Glad this feature is built into most modern operating systems these days.

For MacOS (Sequoia+) you can just forget the network and reconnect to get a new MAC address [1].

Android's documentation for if it decides to generate a new address per connection is a little vague [2], but I'm guessing forgetting and reconnecting works as well, you may also need to flip the "Wi-Fi non-persistent MAC randomization" bit in developer settings.

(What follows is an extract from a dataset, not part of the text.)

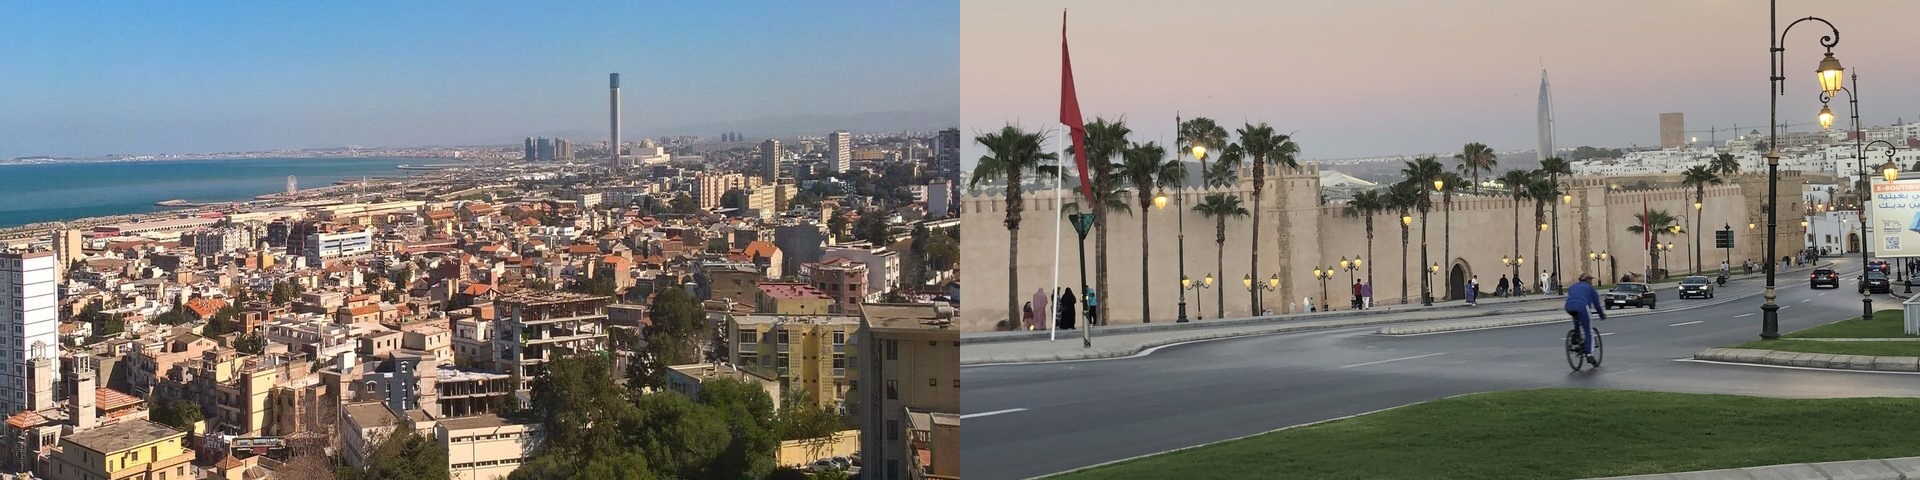 Blick auf die Städte Algier (Algerien) und Rabat (Marokko)

On Windows, flipping the "Random hardware address" switch seems to cause it to generate a new seed/address for me.

[1] https://support.apple.com/en-euro/102509

[2] https://source.android.com/docs/core/connect/wifi-mac-random...

lxgr a day ago | parent | next [-]

Per [1], this only works once per 24 hours on new iOS/macOS versions, and only once per two weeks on older ones though.

km3r a day ago | parent | prev | next [-]

Yeah I had to flip the developer setting toggle, but worked flawlessly for my flight (American Airlines has a watch an ad for 20 minutes of free internet that only works once per MAC)

fendale 21 hours ago | parent [-]

Are you saying that on IOS 18 if you enable developer mode then each time you forgot the network it gets a new Mac? But without developer mode it does not get a new Mac each time you forget it? The Apple docs linked elsewhere in this thread suggest it only gets a new Mac once per 24 hours when you forget the network normally. I’m going on a long boat trip in the next week where this trick might work for me if so!

userbinator 13 hours ago | parent | prev | next [-]

I have a generic Android phone from many years ago where the manufacturer didn't even bother to program the WiFi NVRAM, so every time you load and unload the driver, you get a new randomly generated MAC address. Interesting that that has become a feature these days.

bapak a day ago | parent | prev [-]

I think the rotating address is limited to 3, right? The script here generates one at random.